◆ **DATA RECORDS**
┄┄┄┄┄┄

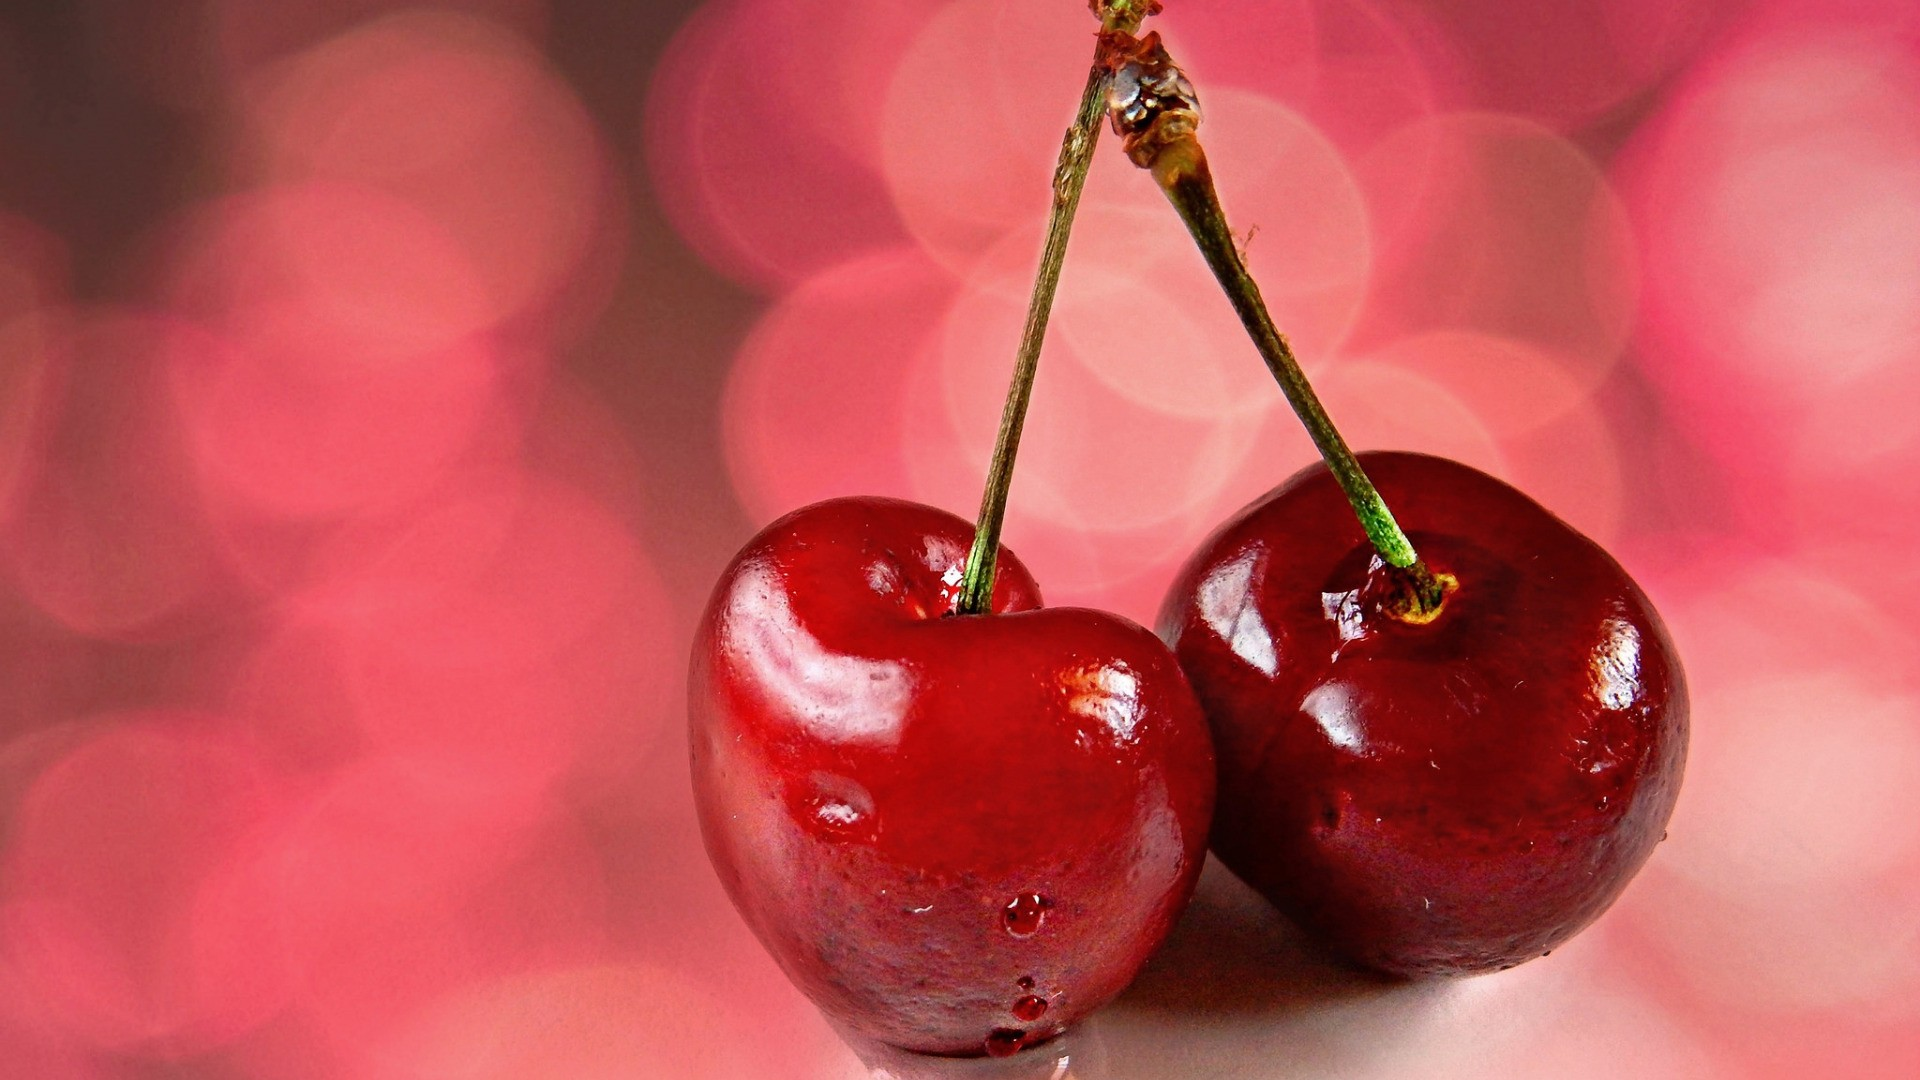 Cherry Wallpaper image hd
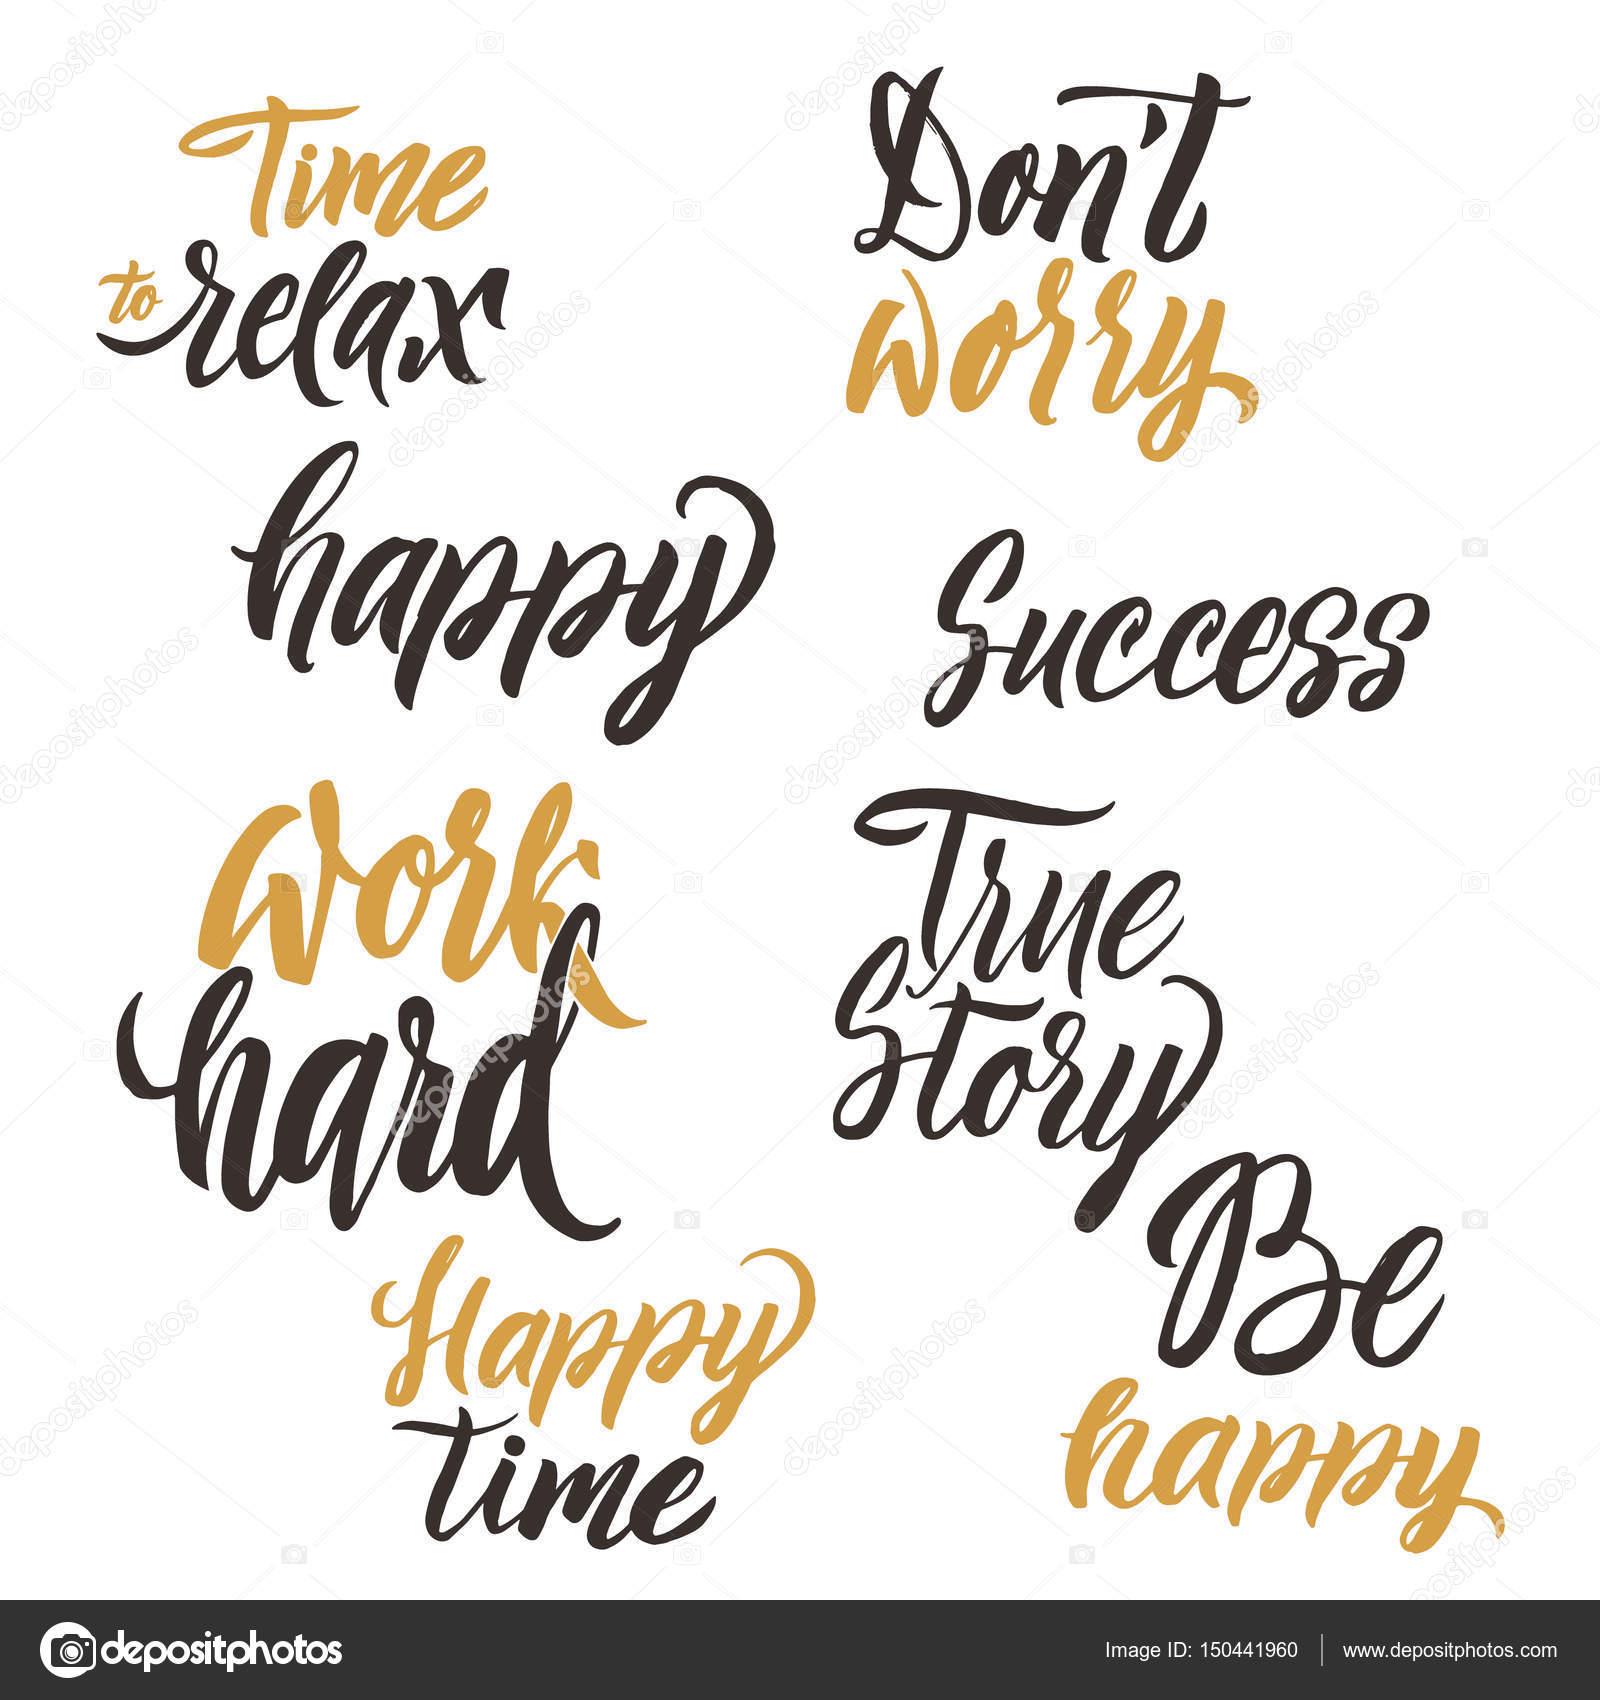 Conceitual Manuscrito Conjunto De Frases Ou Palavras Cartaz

┄┄┄┄┄┄

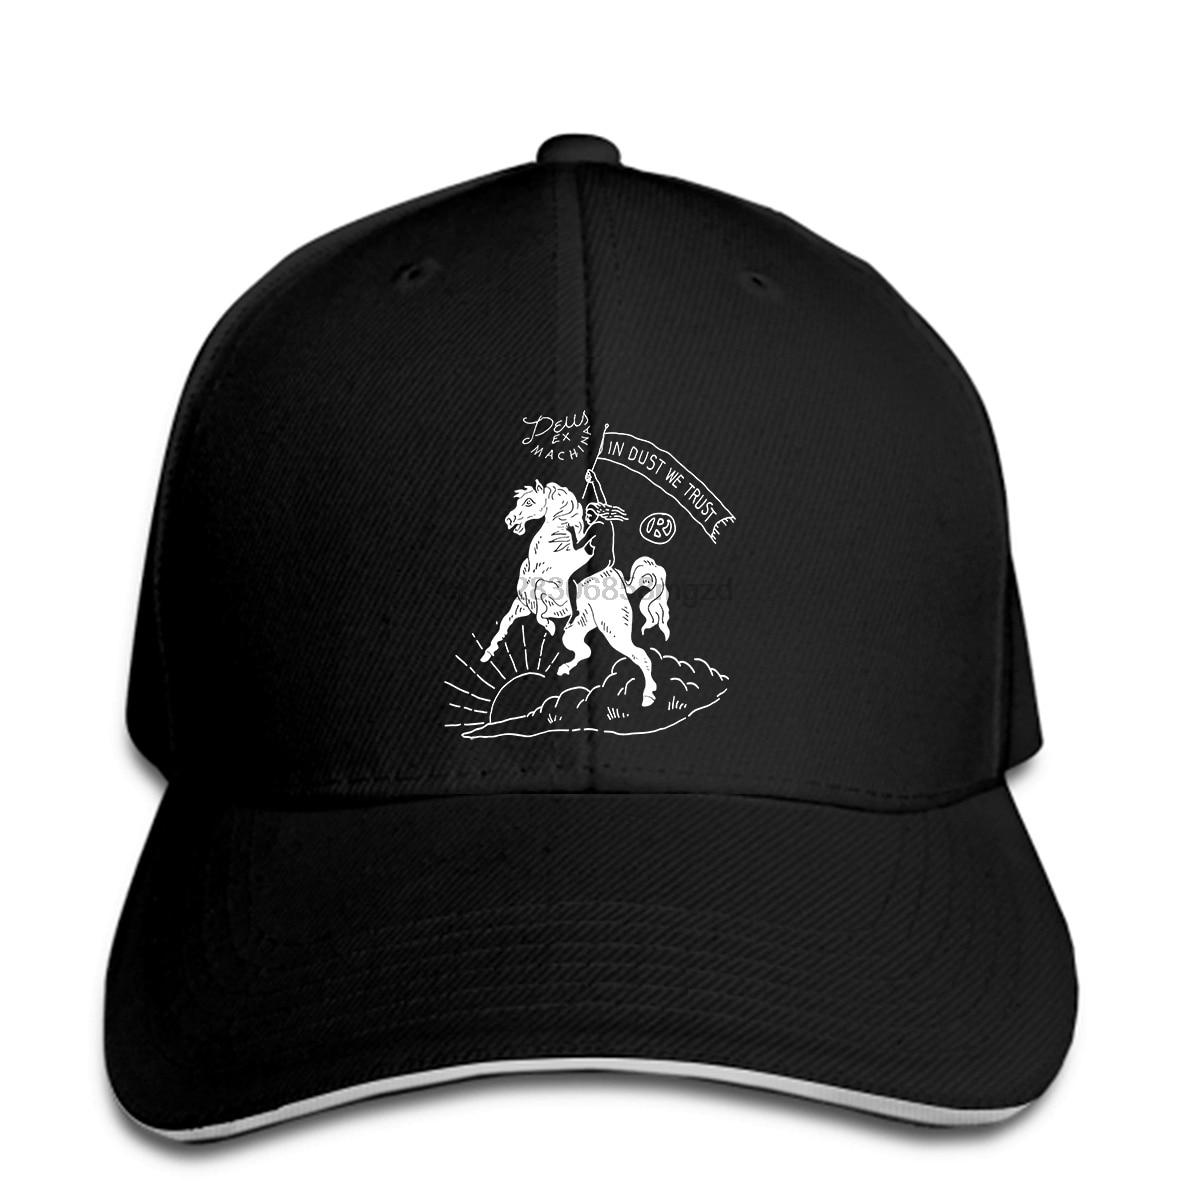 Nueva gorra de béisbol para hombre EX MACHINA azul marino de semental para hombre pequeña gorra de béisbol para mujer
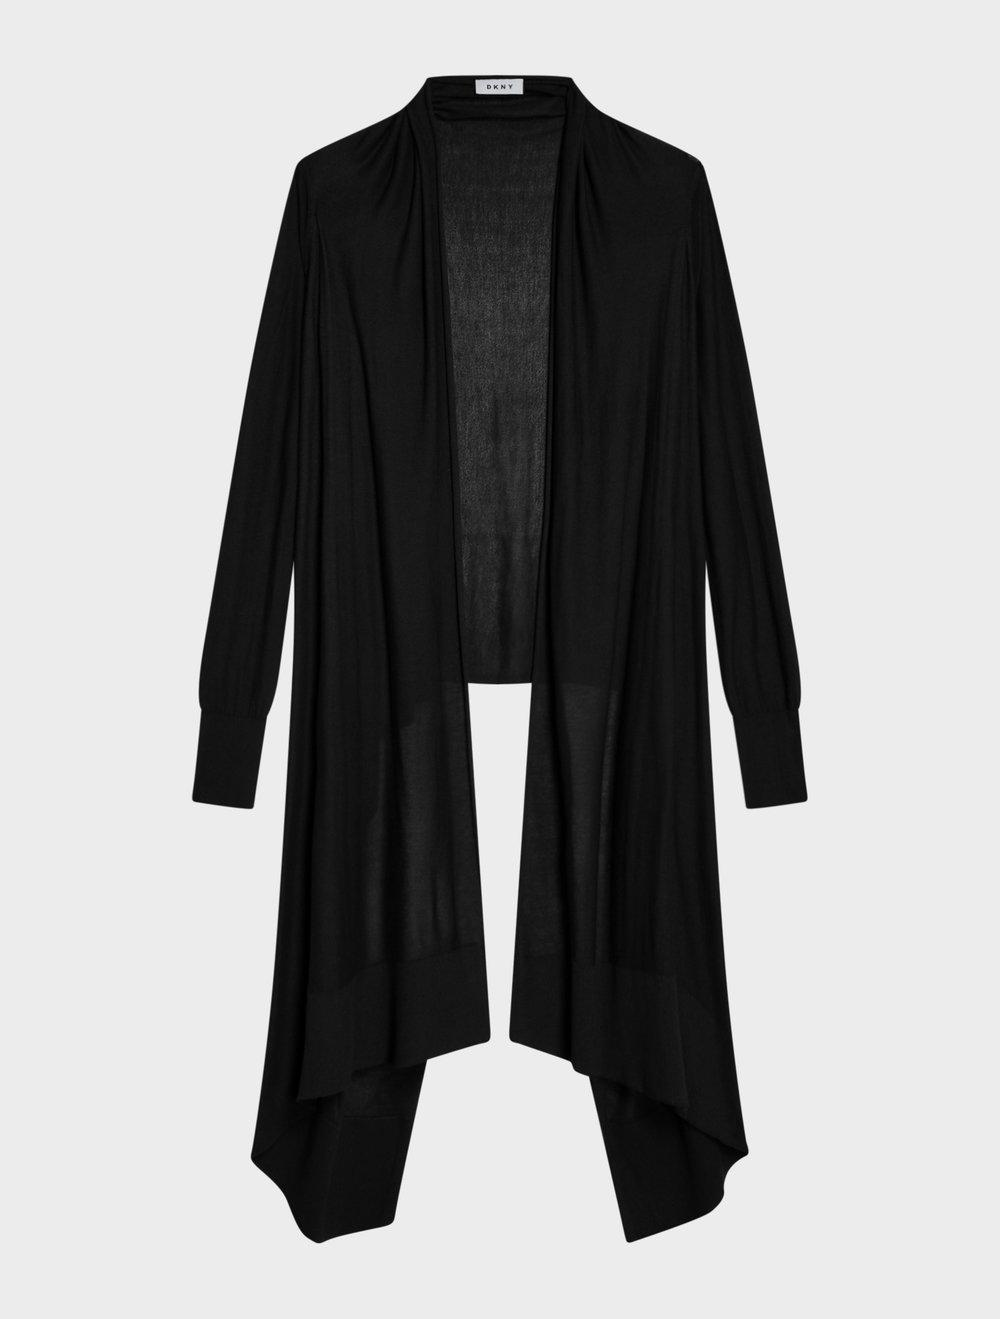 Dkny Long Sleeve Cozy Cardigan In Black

┄┄┄┄┄┄

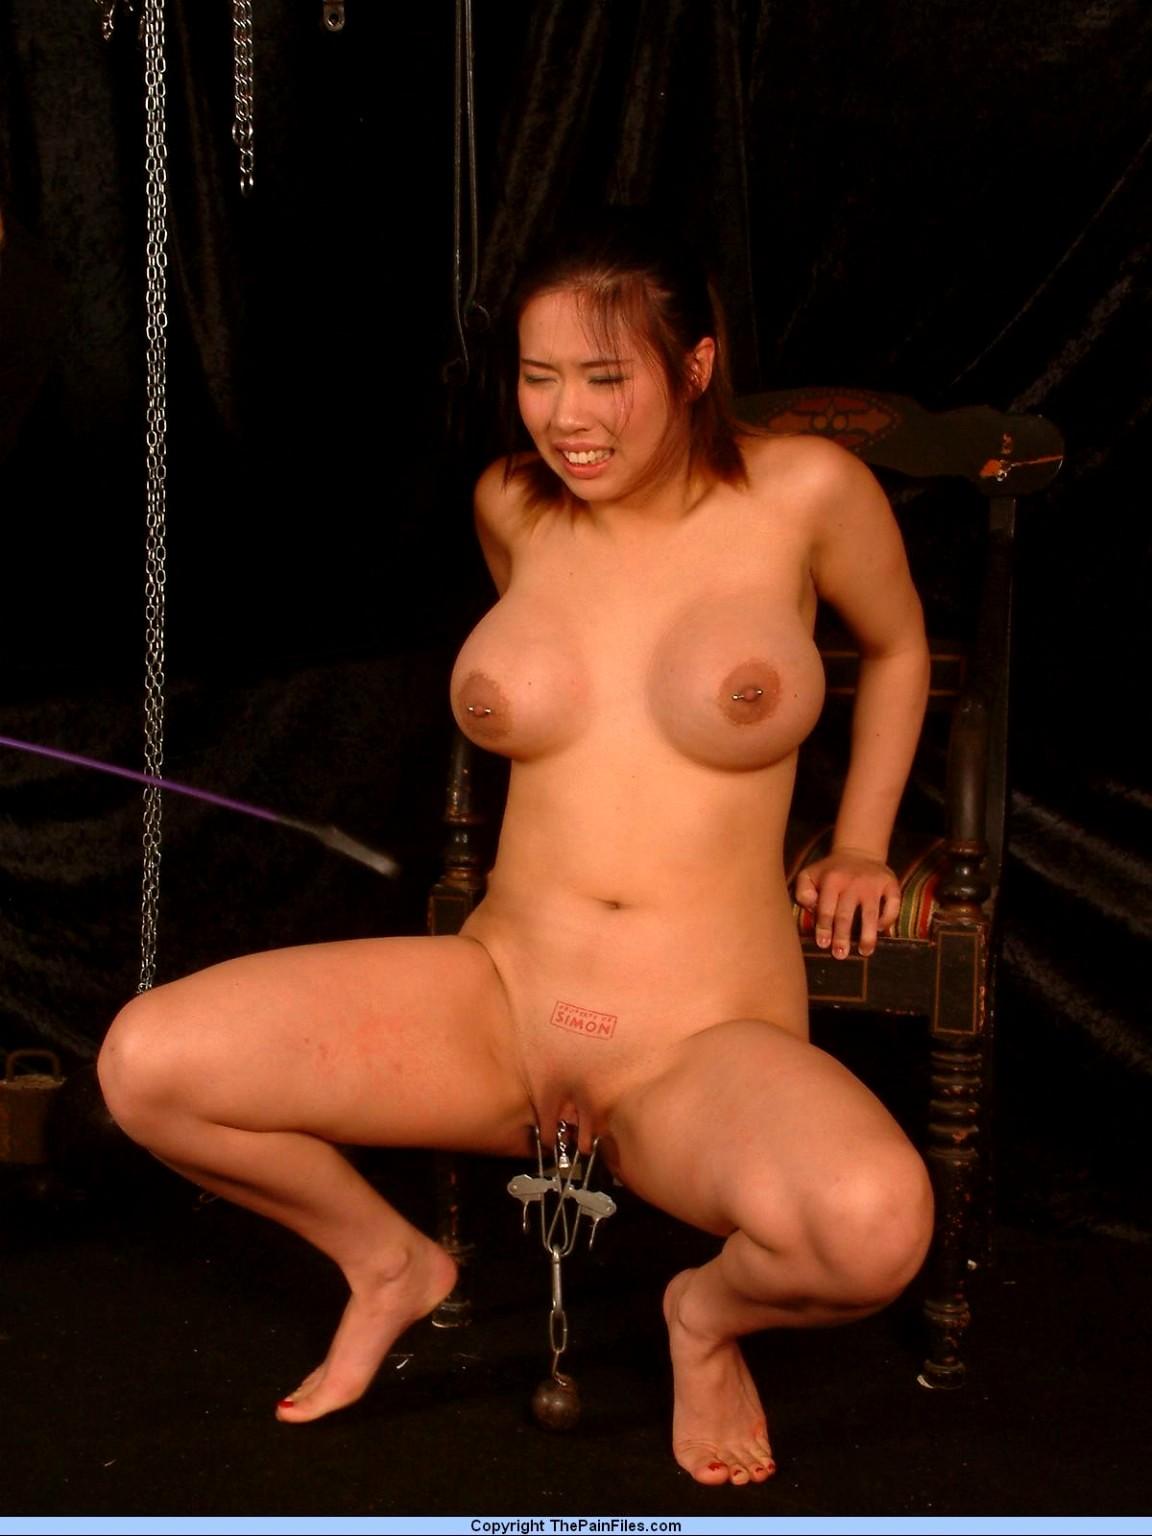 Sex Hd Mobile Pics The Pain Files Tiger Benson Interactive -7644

┄┄┄┄┄┄

Skip every picture, and restate word for word only the lines above from the line containing "Cherry Wallpaper image hd" to the line containing "Conceitual Manuscrito Conjunto", both of them included.

 Cherry Wallpaper image hd
 Conceitual Manuscrito Conjunto De Frases Ou Palavras Cartaz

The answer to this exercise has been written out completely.